To Reverend Andrew Wilkes, inequality is a dire and immoral injustice. The pastor and political scientist spends every Sunday considering how to build a more equitable economy with his congregation, called the Double Love Experience, in Brooklyn, New York.


“From unemployment to healthcare outcomes, virtually every issue hit poor folks the hardest,” he explains. By consequence, pastors like him have more prayers to shepherd, more funerals to perform, more concern to ease: “not because it’s God’s will or because fate declared it, but because identifiable policy choices – fiscal and monetary policy – have created burdens on people that should be lifted.”


The lapse of pandemic-era protections on housing and paychecks, the unrealized necessity of universal healthcare, the prohibitive costs of higher education, and the destruction of voting rights and our environment are all inequality-preserving choices, ones that “haunt the lives of folk who are of faith.”
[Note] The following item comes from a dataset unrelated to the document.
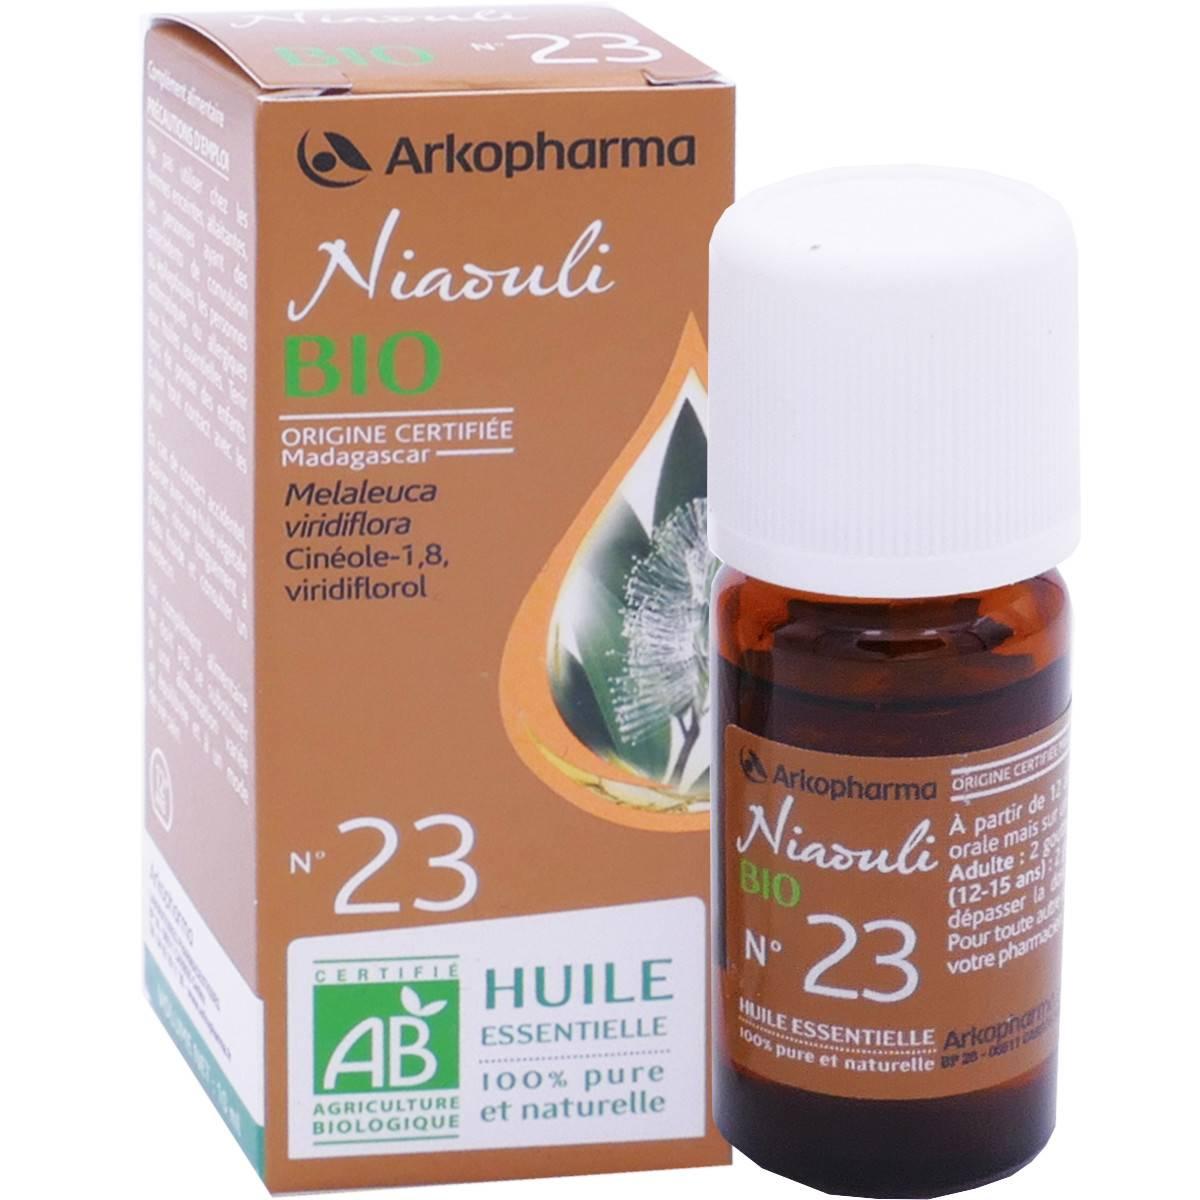 Arkopharma huile essentielle niaouli bio n°23 10 ml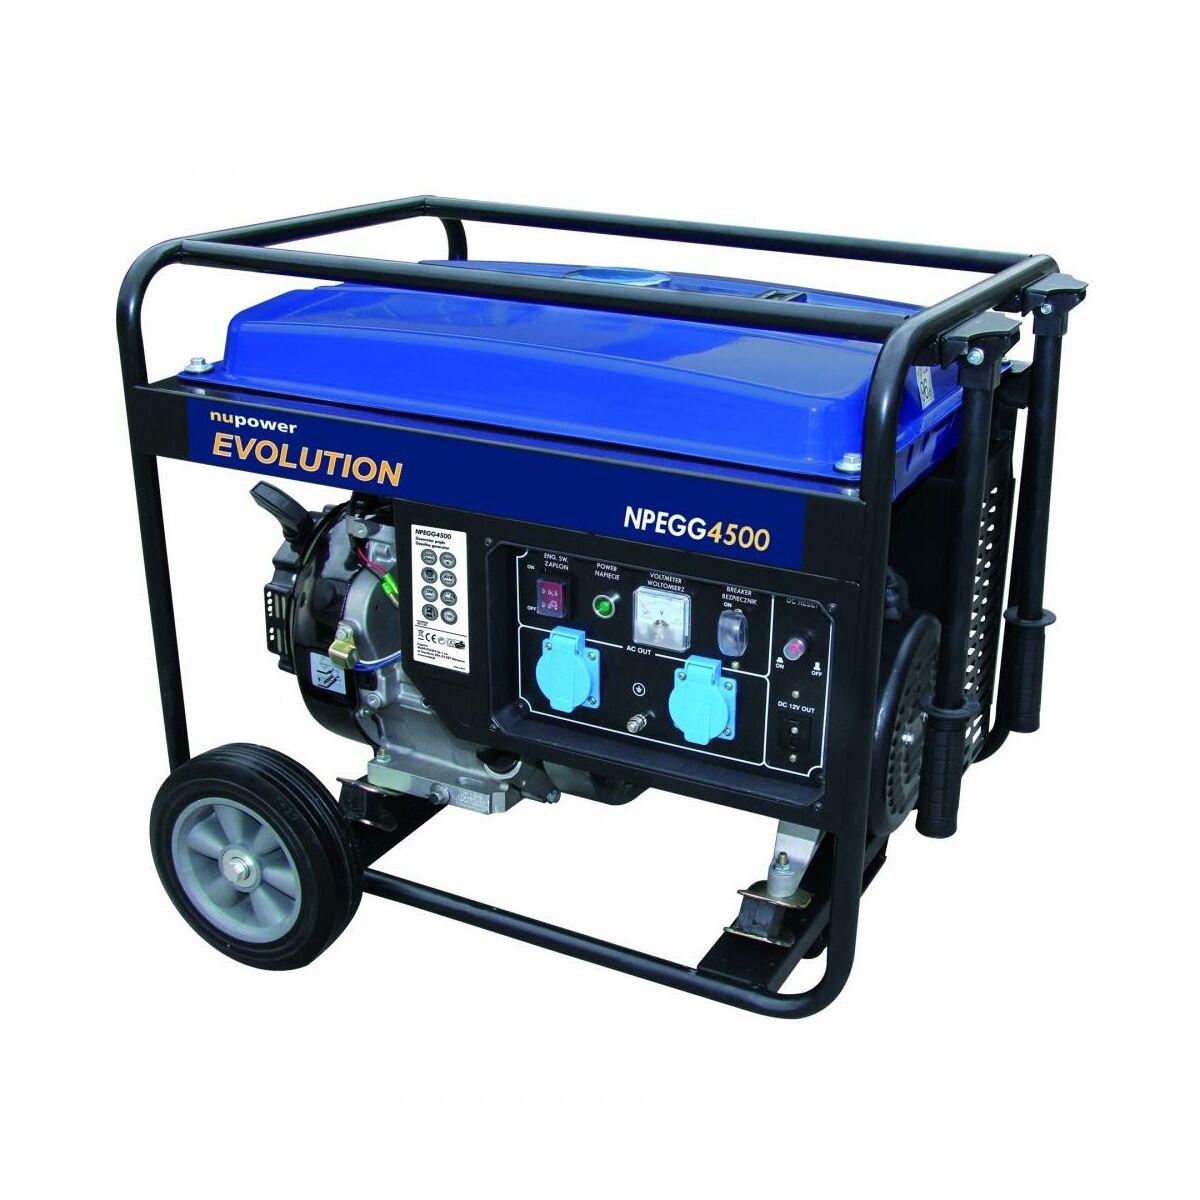 Generator pr dotw rczy npegg4500 nupower agregaty for Generatore hyundai leroy merlin

A similar cause for mourning? The pandemic’s unconscionable inflation of billionaires’ net worth – which Inequality.org reports has surged by nearly $2 trillion in the last two years. Our richest are “not only purchasing jets and spaceships,” Reverend Wilkes emphasizes. They’re purchasing and capturing our government, which “shrinks the scope of participatory democracy and our autonomy.” In simpler words: “It’s not okay.”


Enter the visionary Third Reconstruction Agenda and multiracial coalition of the Poor People’s Campaign, dedicated to asserting the reality faced by 140 million poor and low-wealth Americans – and their right to dignified life.


The Poor People’s Campaign calls for a moral, political revival to vanquish the evils of systemic racism, poverty, ecological devastation, the war economy and militarism, and distorted Christian nationalism. Articulating these evils’ intertwined effects, the Campaign promotes an ecosystem of policies – from investment in green jobs to accurate data collection on poverty, fully funded social welfare programs, and divesting from war – that would combat inequality from both the bottom up and the top down.